Jalur Gaza masih berisiko tinggi mengalami kelaparan, meskipun pengiriman sejumlah bantuan telah membatasi proyeksi penyebaran kelaparan ekstrem di wilayah utara, kata sebuah lembaga pemantau global pada Selasa.

Lebih dari 495.000 orang di Jalur Gaza menghadapi tingkat kerawanan pangan yang paling parah, atau “bencana”, menurut pembaruan dari Klasifikasi Fase Ketahanan Pangan Terpadu (IPC), sebuah kemitraan global yang digunakan oleh PBB dan lembaga bantuan.

Sementara itu, kepala bantuan Perserikatan Bangsa-Bangsa mengatakan tuntutan untuk akses kemanusiaan tanpa hambatan ke Jalur Gaza masih berlaku.

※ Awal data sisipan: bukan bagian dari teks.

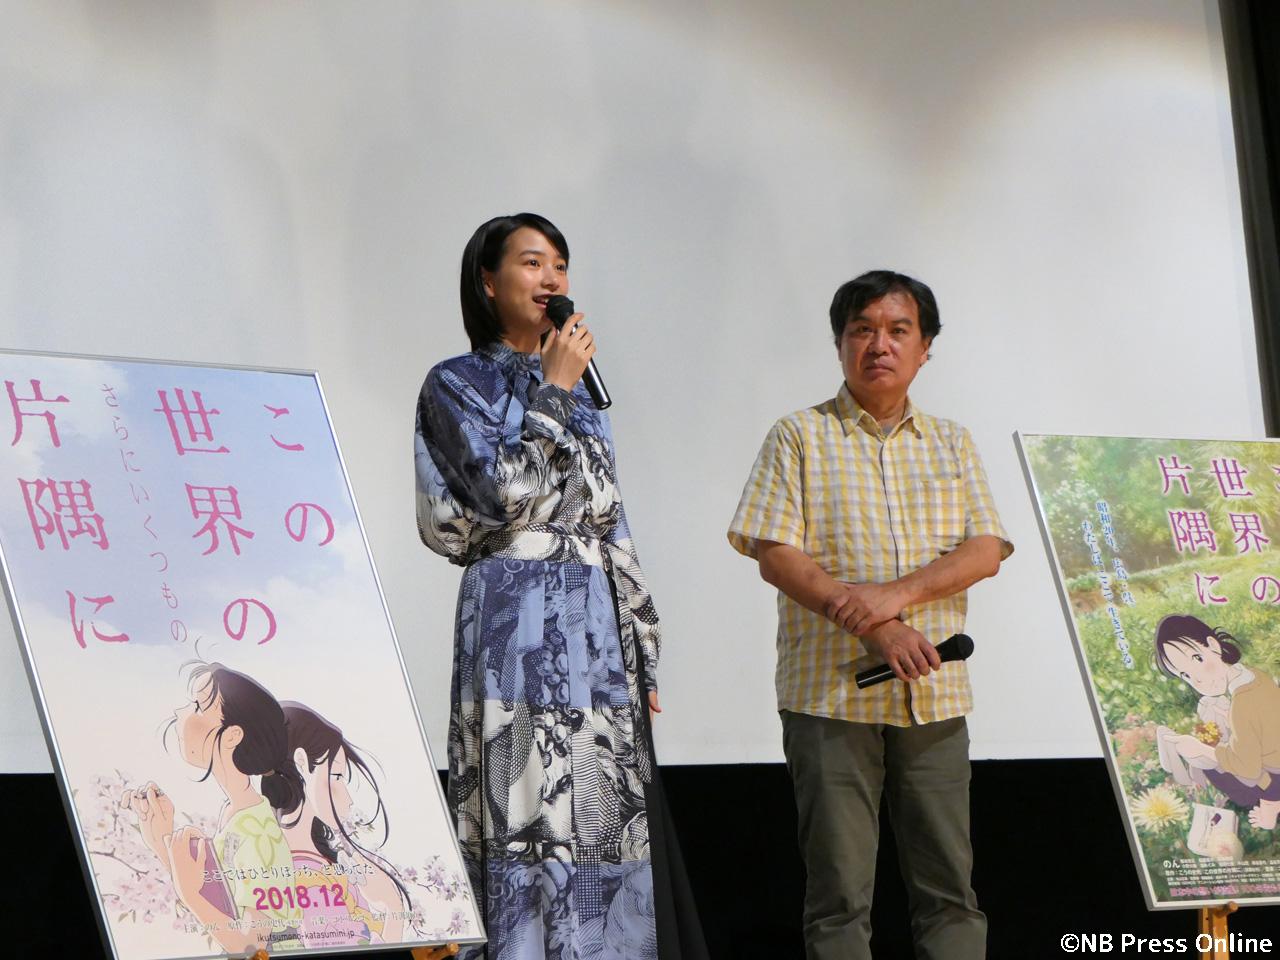 映画『この世界の片隅に』8月15日再上映舞台挨拶
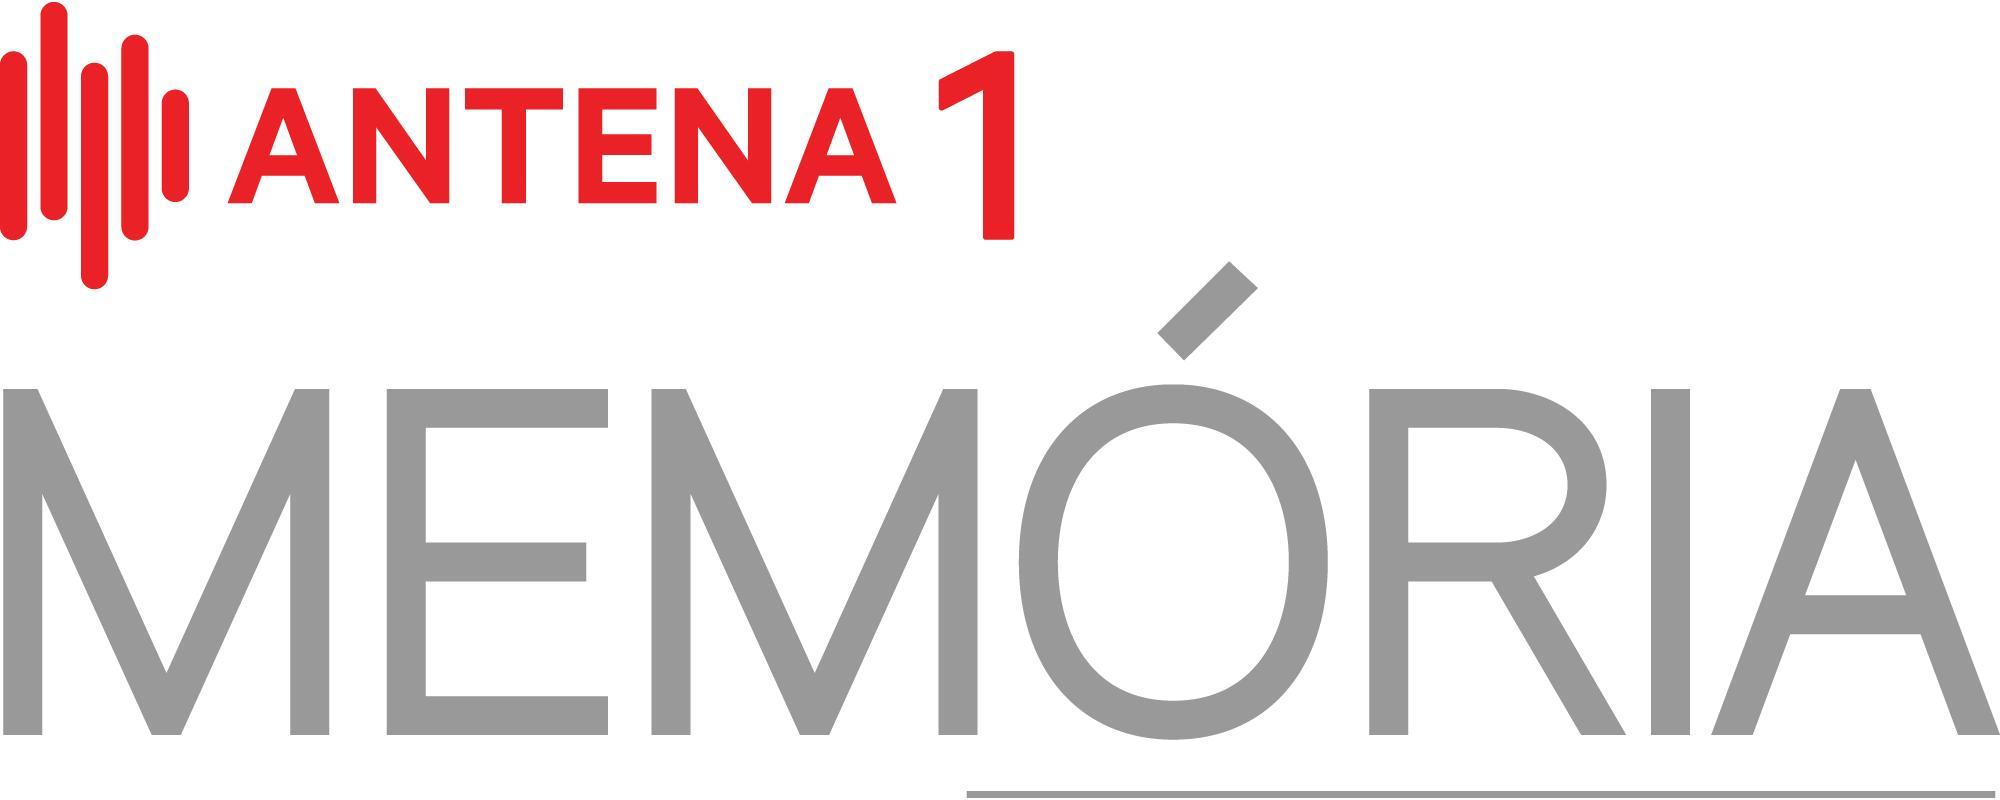 Logotipo Antena1 Memória

“Kami ingin semua titik persimpangan terbuka, kami ingin protokol keselamatan dan keamanan, kami ingin dekonflik yang dapat kami andalkan, dan kami ingin pekerja bantuan dan lembaga kesehatan tidak menjadi korban perang,” Martin Griffiths, yang mengepalai Kantor Urusan Internasional Koordinasi Urusan Kemanusiaan (OCHA), mengatakan kepada wartawan di Jenewa pada hari Rabu.

Dia juga menyerukan gencatan senjata.

Griffiths mengatakan dia prihatin dengan kemungkinan penyebaran perang Gaza ke seluruh wilayah, termasuk ke Tepi Barat yang diduduki.

Tepi Barat, tempat Otoritas Palestina yang diakui secara internasional menjalankan pemerintahan sendiri secara terbatas di bawah pendudukan Israel, telah mengalami kerusuhan terburuk selama beberapa dekade seiring dengan serangan di Gaza karena meningkatnya penangkapan massal oleh pasukan Israel dan lonjakan jumlah pemukim Israel. kekerasan.

Kantor hak asasi manusia PBB mengatakan bahwa 528 warga Palestina, termasuk 133 anak-anak, telah dibunuh oleh pasukan keamanan Israel atau pemukim di Tepi Barat sejak serangan terhadap Gaza dimulai, dan dalam beberapa kasus mereka memiliki “kekhawatiran serius akan terjadinya pembunuhan di luar hukum”.

“Kami khawatir dengan potensi tragedi dan kematian lebih lanjut serta kejadian di Tepi Barat, serta tentu saja ancaman dan kemungkinannya. [of conflict] di Lebanon,” kata Griffiths.

“Ada banyak persiapan di sisi bantuan. Bukan itu masalahnya,” katanya. “Masalahnya adalah menghentikan perang ini menjadi lebih buruk dan menghentikan hak rakyat Palestina untuk masa depan mereka. Itulah kekhawatiran yang menurut saya harus kita semua miliki.”